By the time Unbounce introduces the webinar, they already have many readers on their side. 

Unbounce example webinar invitation email


8. Sell purely with text

Imagine if you had no choice but to send your webinar email invite with no graphics – just a page of text. Would you think in greater detail about what exactly you were writing? Would the importance of the words weigh heavily on your shoulders?

This is how you should feel every time you produce a webinar email invite, even when adding graphics. Condition yourself to write your copy under the pretense that it will stand alone. It will help you to put much more focus on your written words. 

You can never assume that your audience will only take interest in your graphics. For every person who does, there may be someone else who finds your copy much more important. If your words don’t sell, neither will your webinar. 

There are examples of webinar email invites that contain only copy. Providing your content marketing skills are on point, there’s no reason why you can’t do the same. 

The invitation email below, for instance, is short but sweet and uses strong copywriting to build a rapport with subscribers.

Example of a plain-text webinar invitation email


 9. Use animations wisely

There’s nothing that quite draws the eye than an on-screen animation. Using email GIFs is a great way to visually entice your subscribers to read what you have to say. 

The trick with animations is to keep them under control. A page full of blinking, blurring, bouncing, and dancing GIFs will terrify your reader. Using a single relevant GIF is much more effective. 
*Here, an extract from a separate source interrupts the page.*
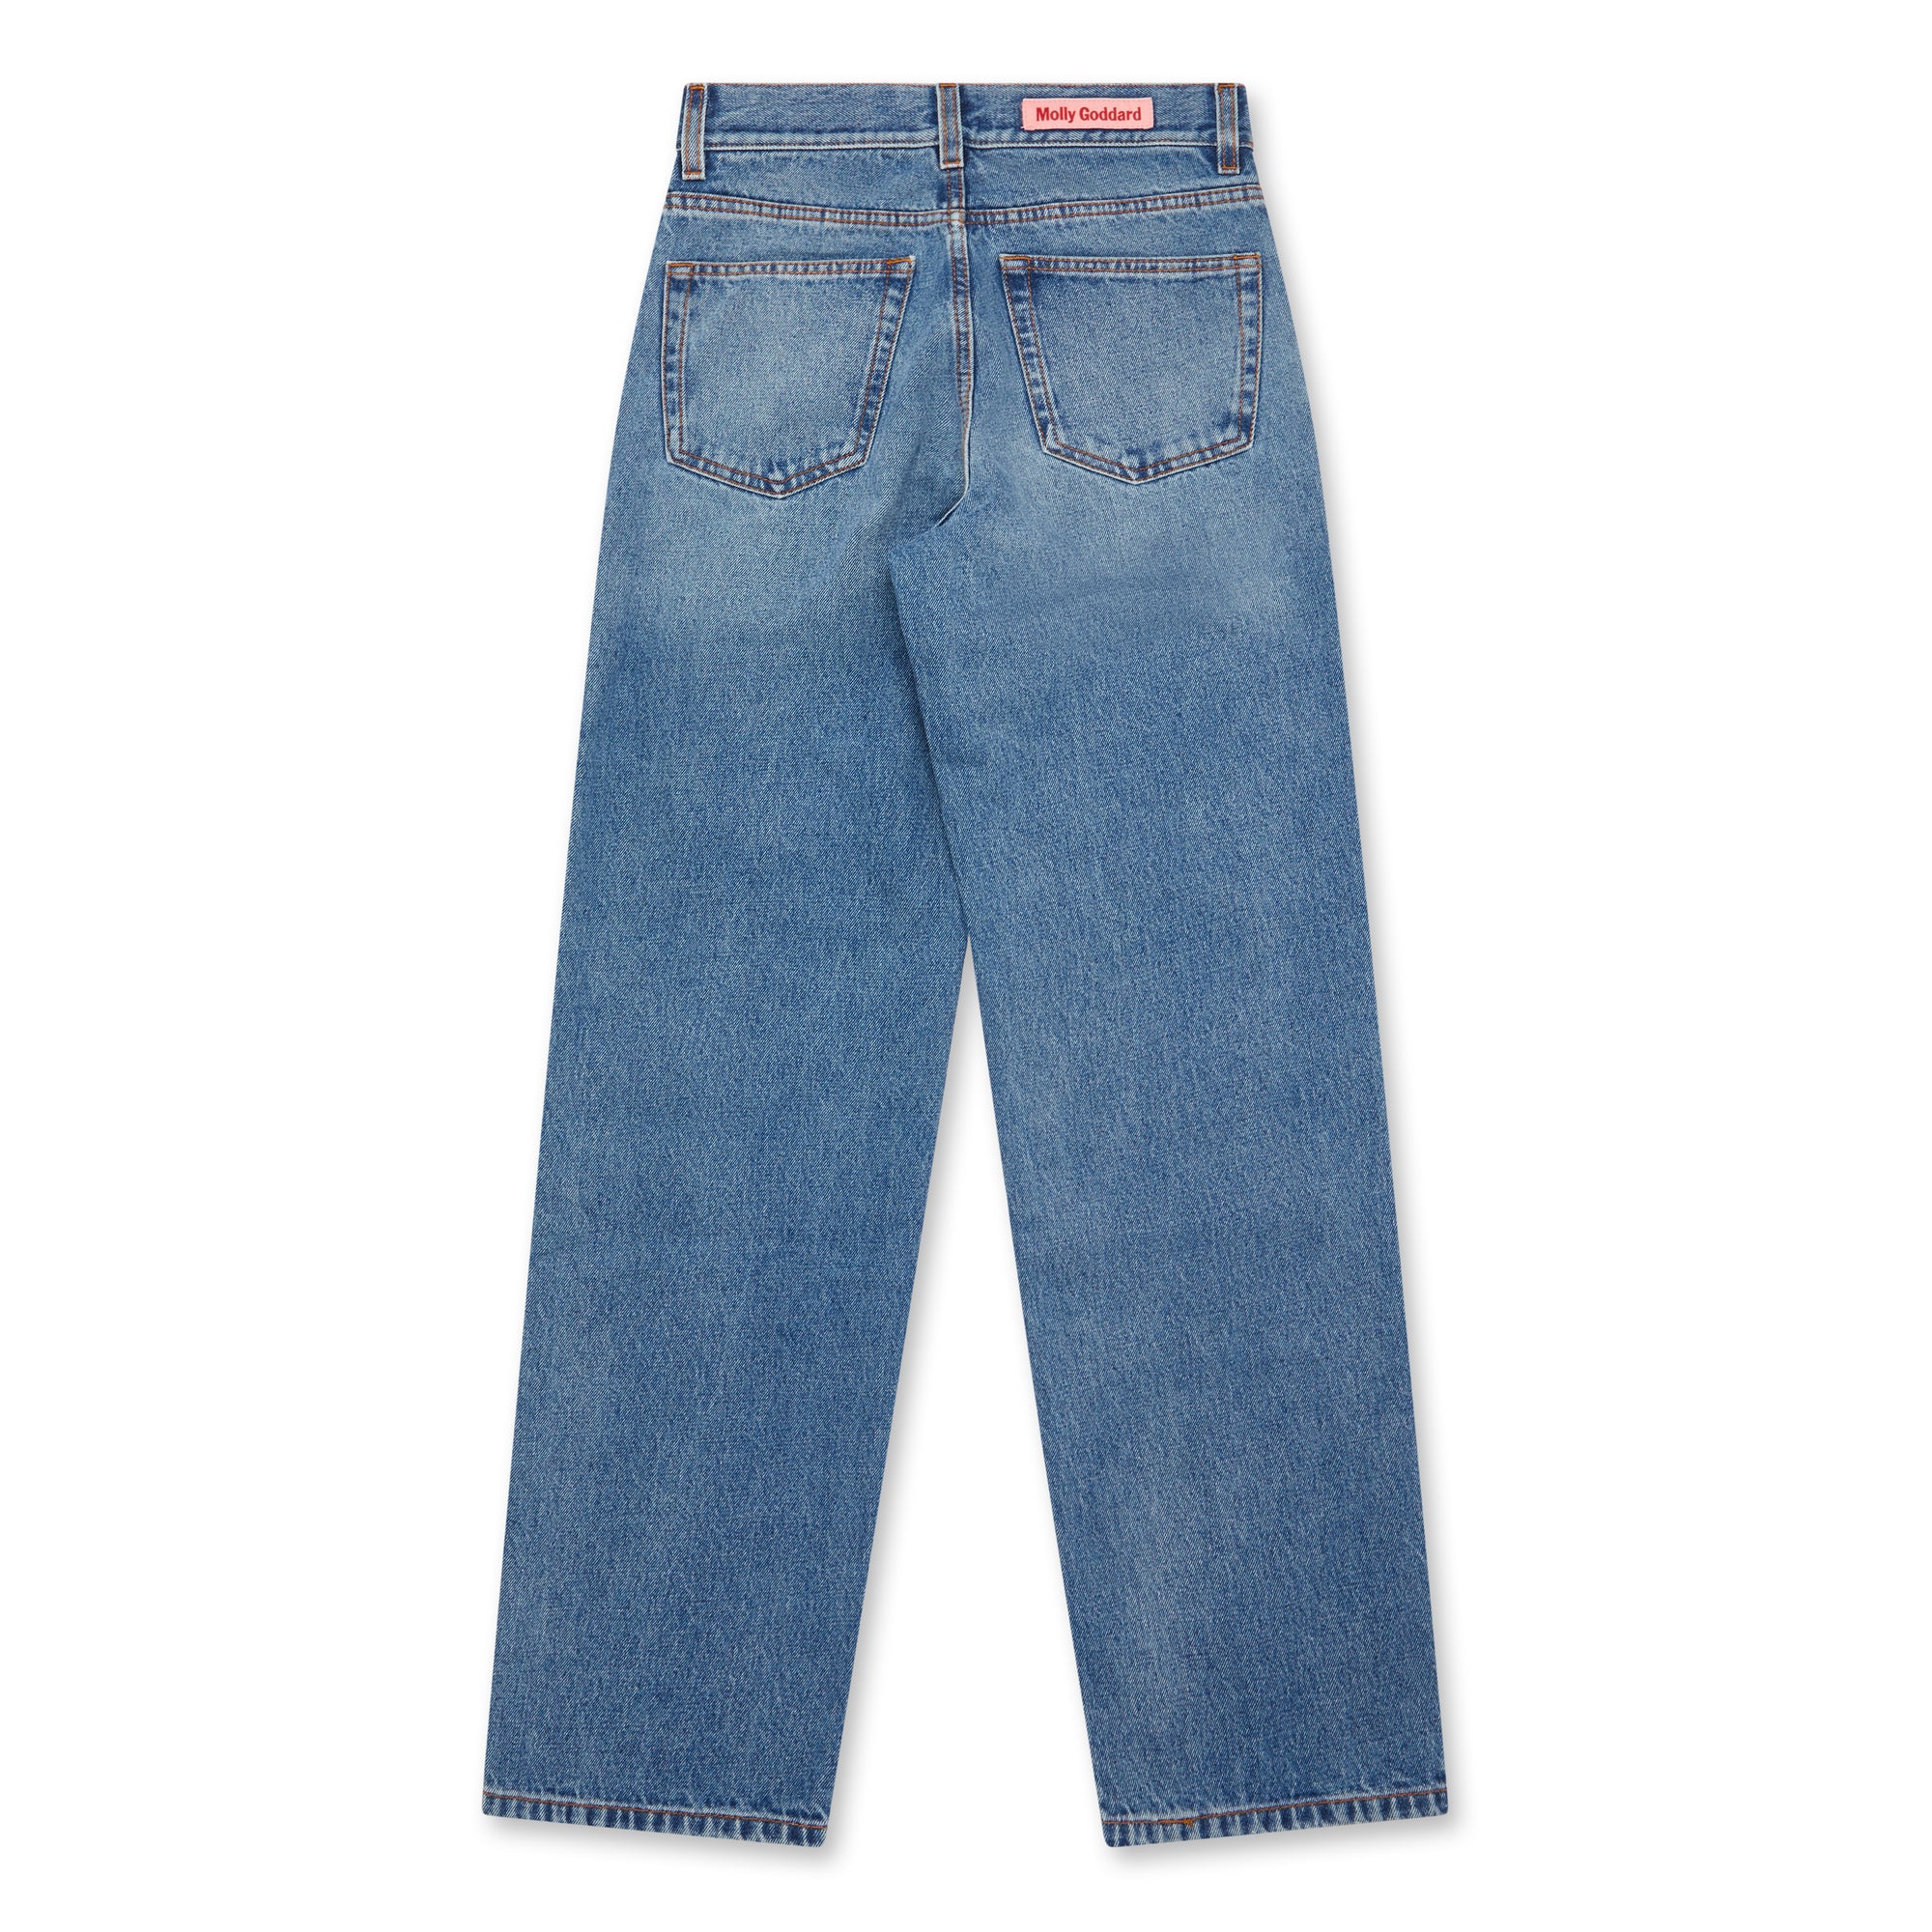 Molly Goddard - Women’s Lily Jeans - (Blue Wash) view 2

Consider adding a GIF from a well-known TV show, like Friends, providing it is relevant to what you have to say. Drawing the reader in with some well-placed humor will always work in your favor. 

A static email design won’t quite delight your reader like a GIF will. And remember, you don’t have to use GIFs just to entertain or provide comic effect. 

Adweek chose to use an animation that has a shock factor. The reader, wanting to know why the person’s face was blurred out, would read the text to learn more. Here, they’d discover the purpose of the webinar, along with a call to action in bold red print. This is a great way to make the audience feel almost as if they have to take action. 

Example of a webinar invitation email using a GIF


Boost Sign-Ups With Your Next Webinar Invitation Email

In times when webinars are gaining popularity day by day, it is increasingly difficult to compete with others, let alone stand out. 

As you can see from this post, the usual themes that you know from email marketing repeat themselves – clear message, catchy headline, easy instructions…

While you may see many companies doing crazy things with their webinar invitations, following tried and tested methods is most likely to bring success.

Users’ attention is very valuable, as is their time. A short and clear message will always convert better than an overcomplicated one.

Overlooking your webinar email invitation is never a wise idea. Be sure to dedicate maximum time and effort to producing email invites to the best of your skills. Hire a content expert if you prefer. But you’ll nearly always find that you’re more than capable of the job yourself.